On a representative basis (as if BAT had owned RAI and the other acquisitions, completed in 2017, from 1 January 2017, and defined on page 3 of the full announcement): • Total cigarette and THP volume declined 3.5% to 708 billion. In the key markets2 volume was down 2.7%, outperforming the industry which was estimated to be down 3.4%*, leading to a 40 bps increase in market share;
• Strategic cigarette and THP volume grew 5.8%, led by a 217% increase in THP consumables to 7 billion sticks, as well as growth of Natural American Spirit, Rothmans and Pall Mall;
• Adjusted revenue, at constant rates, increased by 3.5%, driven by robust cigarette price mix (6%) and growth in THP and vapour revenue of 95% to £901 million at constant rates of exchange;
• Adjusted revenue from the Strategic Portfolio (defined on page 3 of the full announcement) was up 8.5% on a constant rate basis, driven by: • a 5.7% growth in revenue from the strategic combustible brands;
• a near doubling of adjusted revenue from NGP to £901 million, at constant rates, with THP (up over 180% to £576 million) and vapour (26% higher at £325 million); and
• an increase of over 11% in revenue from oral to £952 million.

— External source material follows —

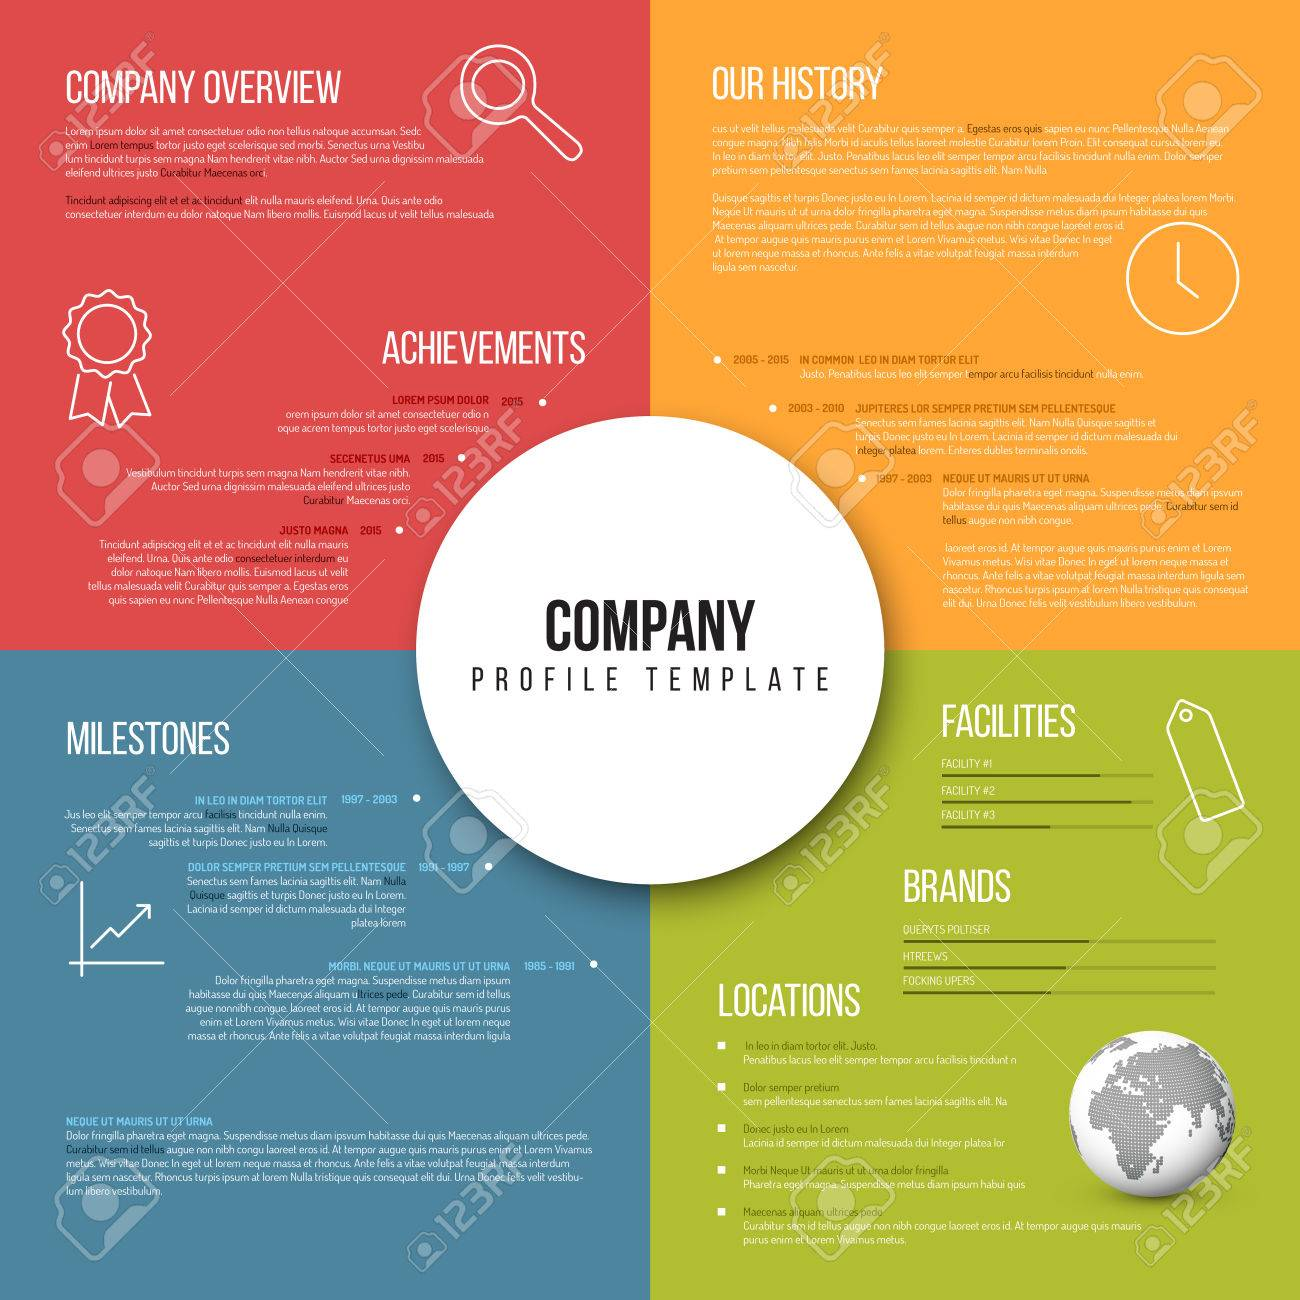 company overview templates akba katadhin co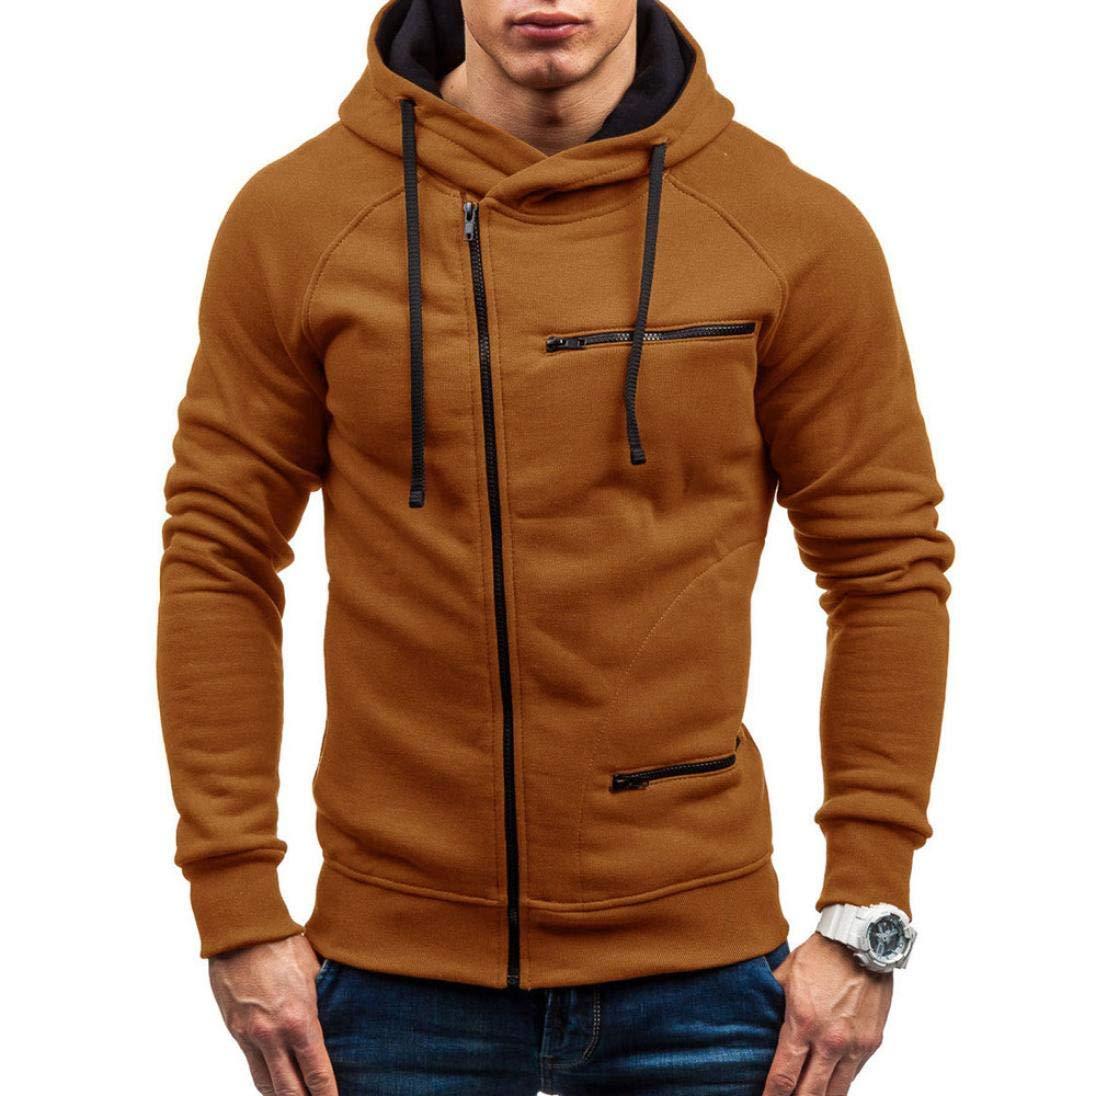 6c03346f Get Quotations · OCASHI Mens Long Sleeve Blouses, Fashion Zipper Hoodie  Hooded Sweatshirt Top Tee Outwear

• Adjusted profit from operations grew 4.0% at constant rates of exchange as the adjusted revenue growth and continued drive for efficiency gains more than offset the significant investment in PRRP as the Group continues to develop this category until it matures to break-even and profitability. Since the acquisition, the Group has realised over US$300 million of savings from RAI on an annualised basis;
• Adjusted operating margin, at current rates, was 40 bps higher at 42.6%, as the investment in the development and roll out of PRRP was more than offset by good pricing and cost control; and
• Operating cash flow conversion of 113% (2017: 79%). Normalising for the timing of the MSA payment, brought forward to 2017, the operating cash conversion was 100% (2017: 97%), demonstrating the continuing strong cash generation while investing in the New Categories.
Adjusted net debt3 to adjusted EBITDA was 4.0x (from 5.3x in 2017) but would have been 3.6x on a constant currency basis. This reduction reflects the Group’s commitment to deleveraging;
Basic earnings per share declined 86%, with diluted earnings per share 86% lower, as the prior year was affected by a one-off gain related to the acquisition of RAI of £23.3 billion and by a £9.6 billion deferred tax credit due to the US tax reforms, both of which do not repeat in 2018;
Adjusted diluted earnings per share at constant rates of exchange rose 11.8% as the Group’s growth in operating performance and lower underlying effective tax rate (mainly due to the US Federal tax reform in 2017) more than offset an increase in net finance costs, due to the higher borrowings following the acquisition of RAI and an increase in investment in PRRPs; and
Dividend per share increases 4.0% to 203.0p, payable in four quarterly dividend payments of 50.75p per share.